Stored data entries
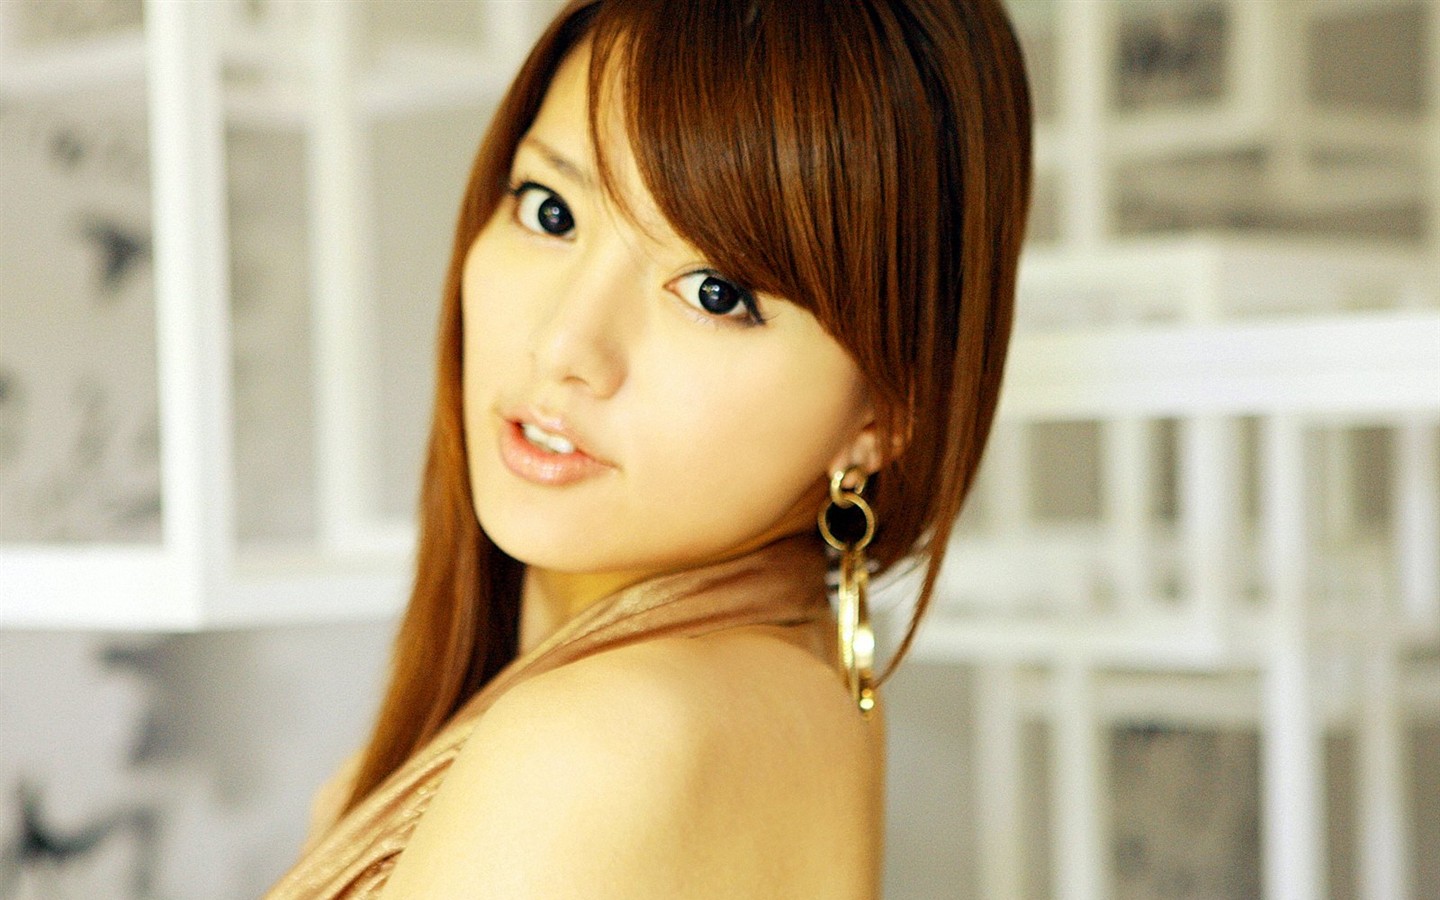 Alan Japan sexy actress photo #1 - 1440x900
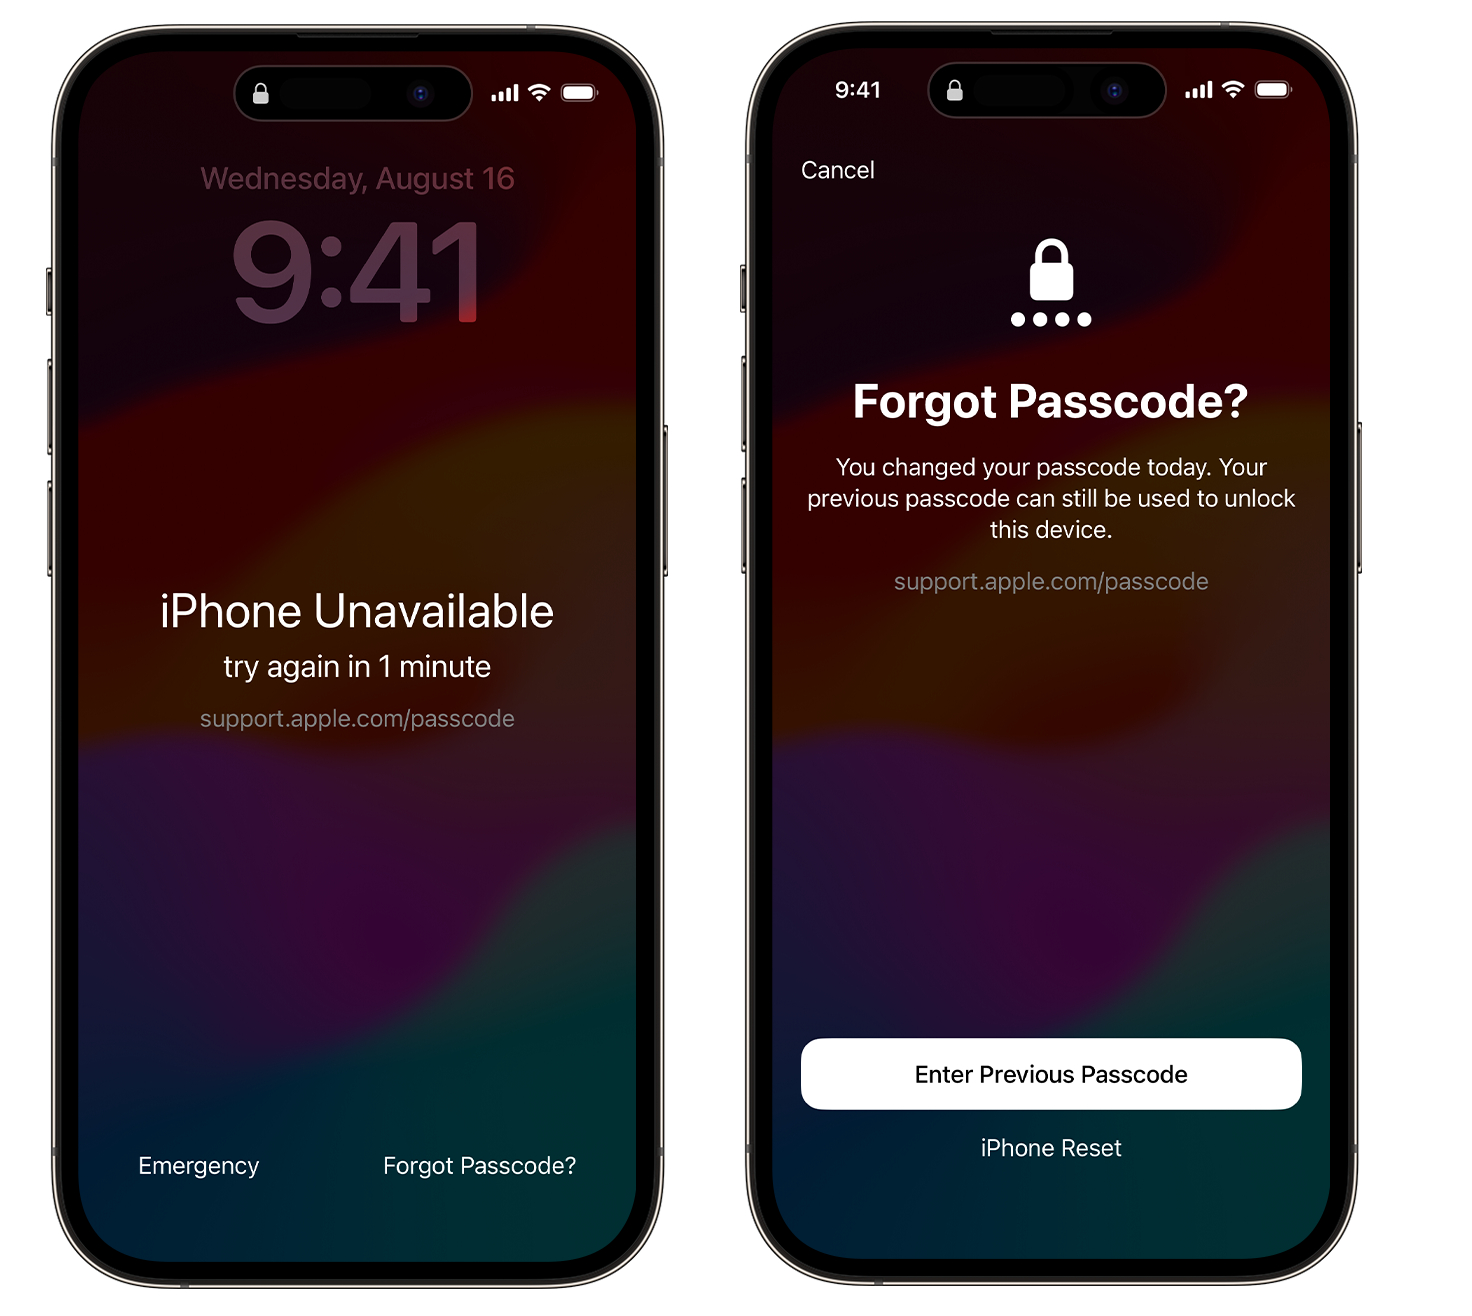 iphone忘記螢幕密碼怎麼辦，3種免電腦解鎖方法! - iPhone密碼破解 - 敗家達人推薦
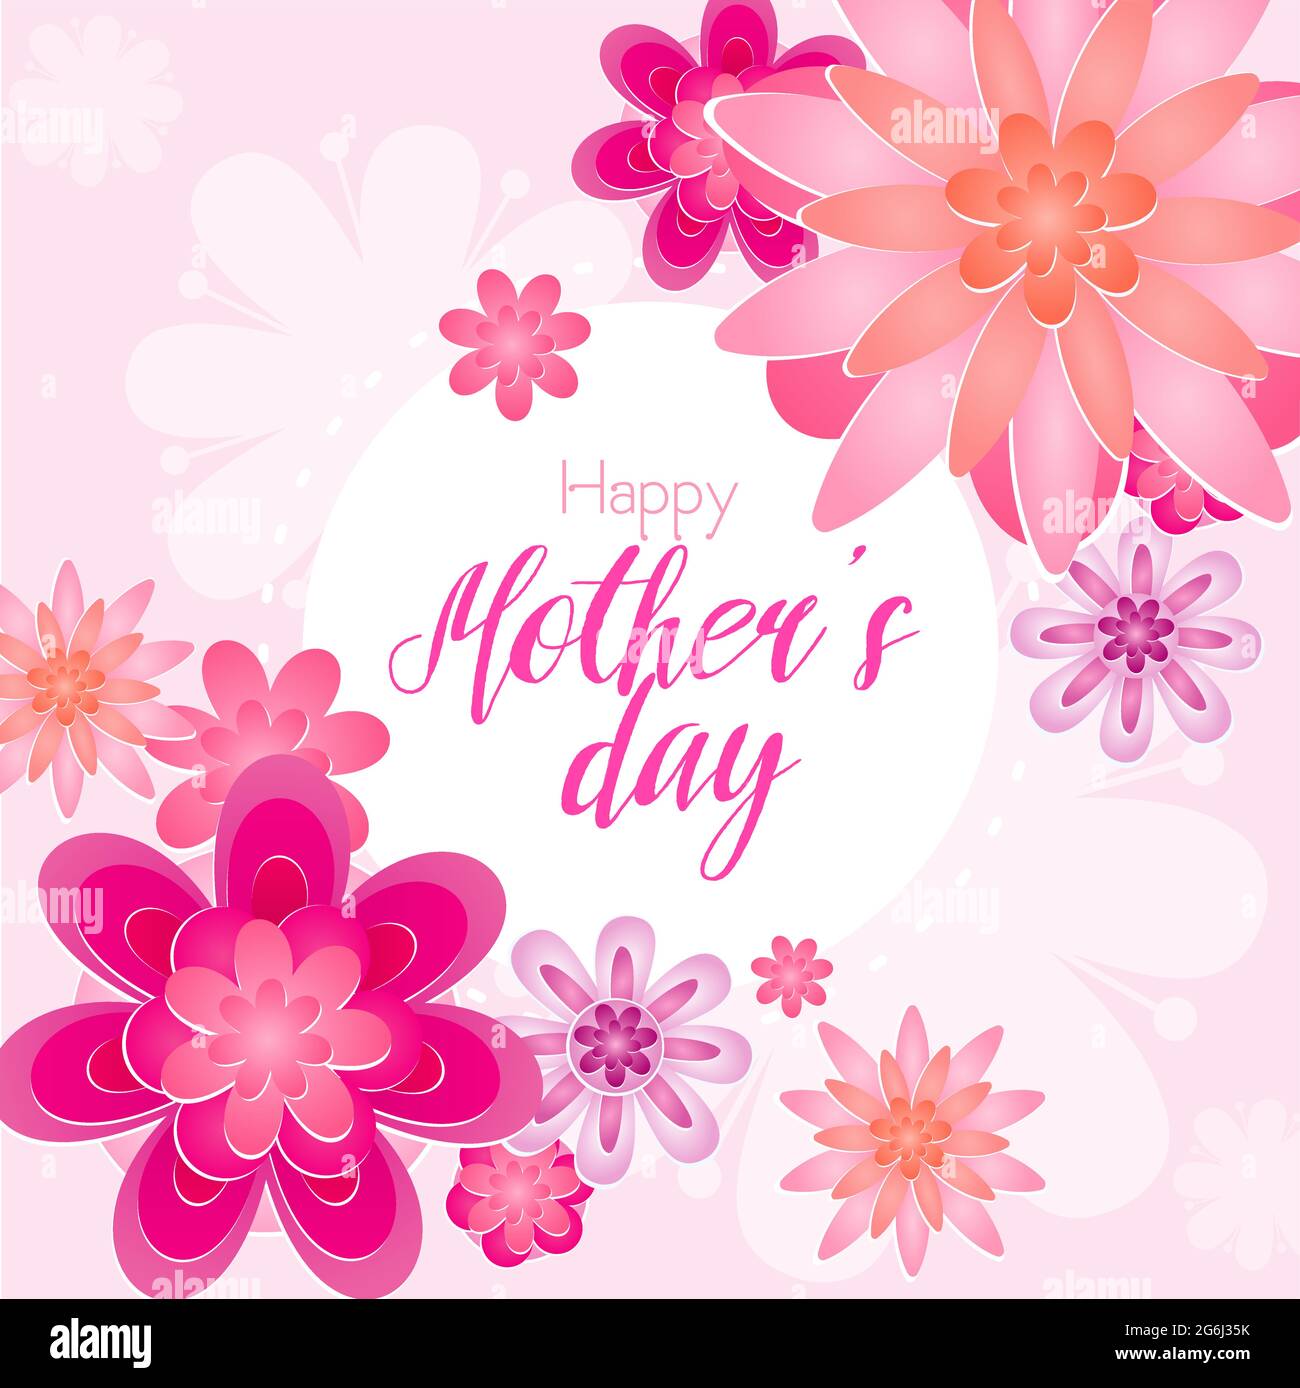 Ilustración vectorial de la hermosa tarjeta de felicitación del día de la madre con flores en flor de color rosa claro. Ilustración del Vector
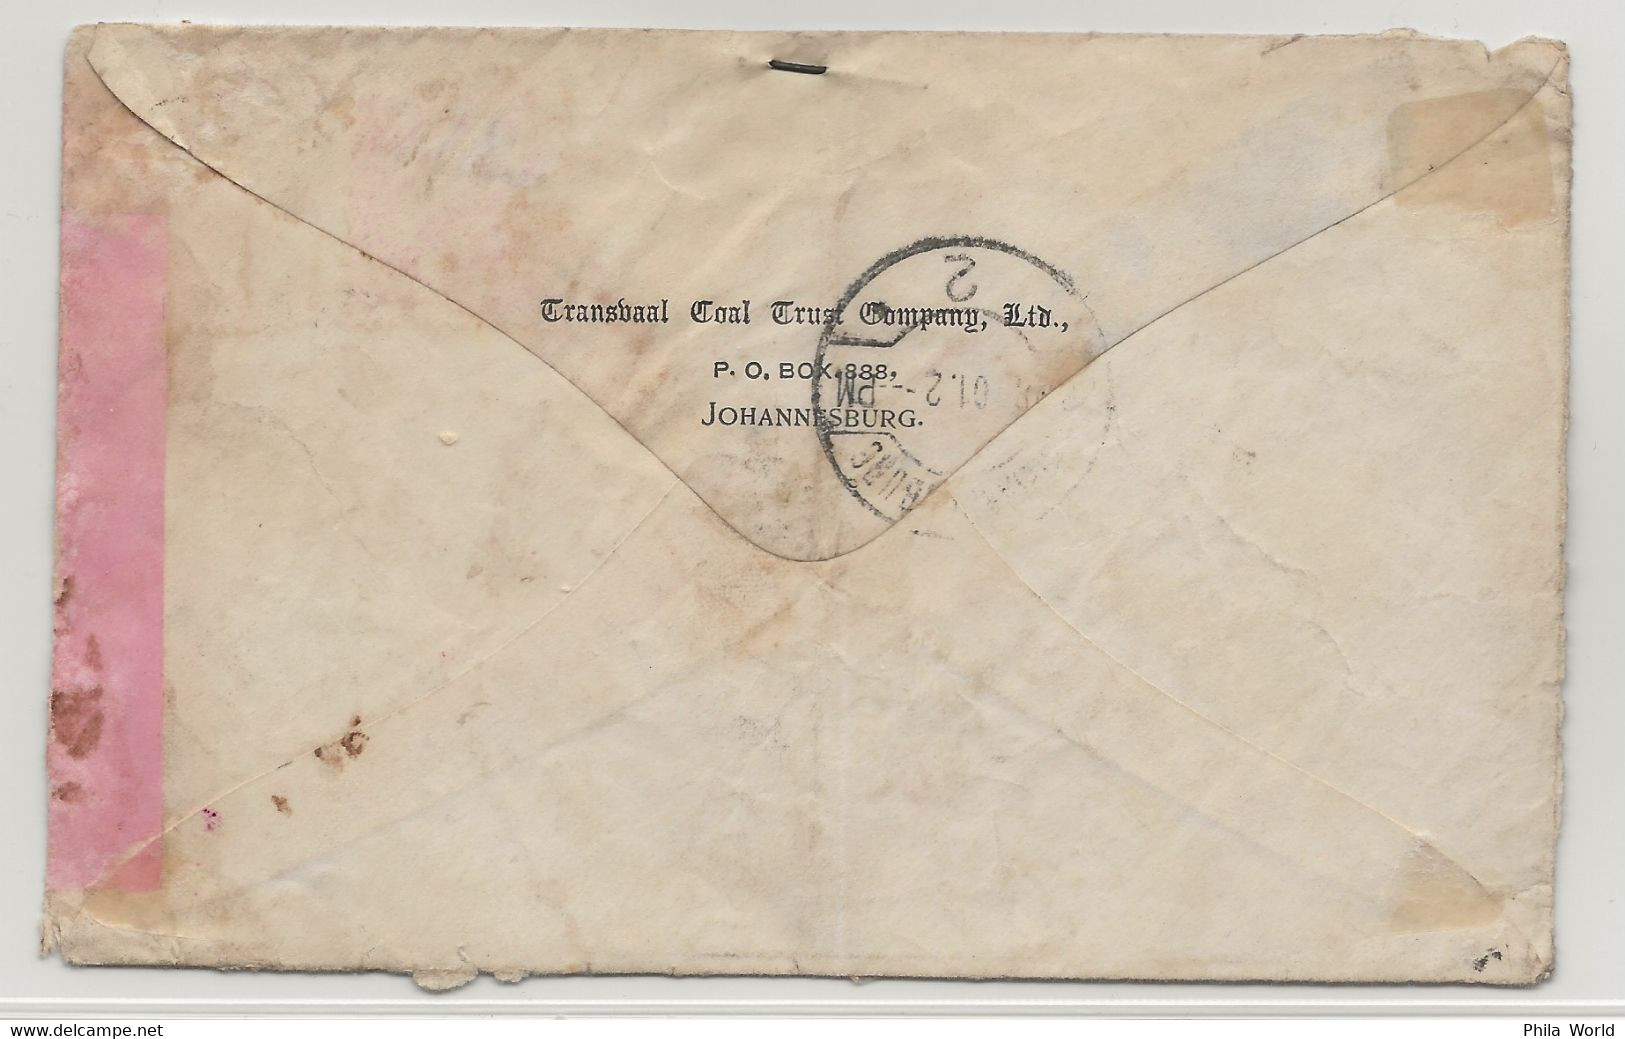 TRANSVAAL Afrique SUD Guerre BOERS 1901 Paris PASSED Censor Johannesburg Etiquette Label Enveloppe Ouverte Loi Martiale - Transvaal (1870-1909)
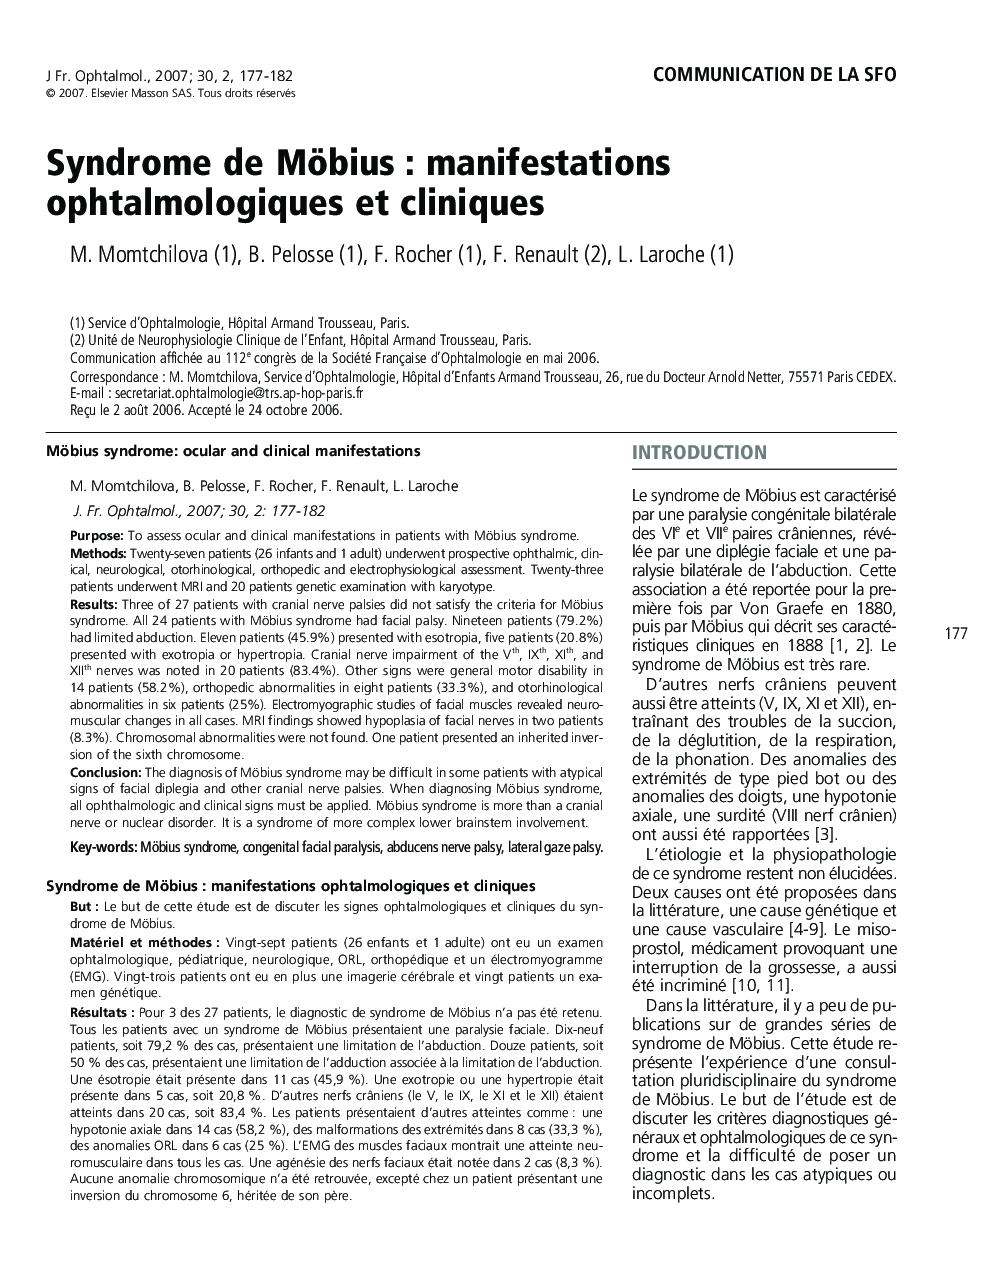 Communication de la sfoSyndrome de Möbius : manifestations ophtalmologiques et cliniquesMöbius syndrome: ocular and clinical manifestations

EXERCISE BRIEF:
Hand back the records above exactly, leaving out every picture.

OUTPUT OF THE EXERCISE:
 Alan Japan sexy actress photo #1 - 1440x900
 iphone忘記螢幕密碼怎麼辦，3種免電腦解鎖方法! - iPhone密碼破解 - 敗家達人推薦
 Ilustración vectorial de la hermosa tarjeta de felicitación del día de la madre con flores en flor de color rosa claro. Ilustración del Vector
 TRANSVAAL Afrique SUD Guerre BOERS 1901 Paris PASSED Censor Johannesburg Etiquette Label Enveloppe Ouverte Loi Martiale - Transvaal (1870-1909)
 Communication de la sfoSyndrome de Möbius : manifestations ophtalmologiques et cliniquesMöbius syndrome: ocular and clinical manifestations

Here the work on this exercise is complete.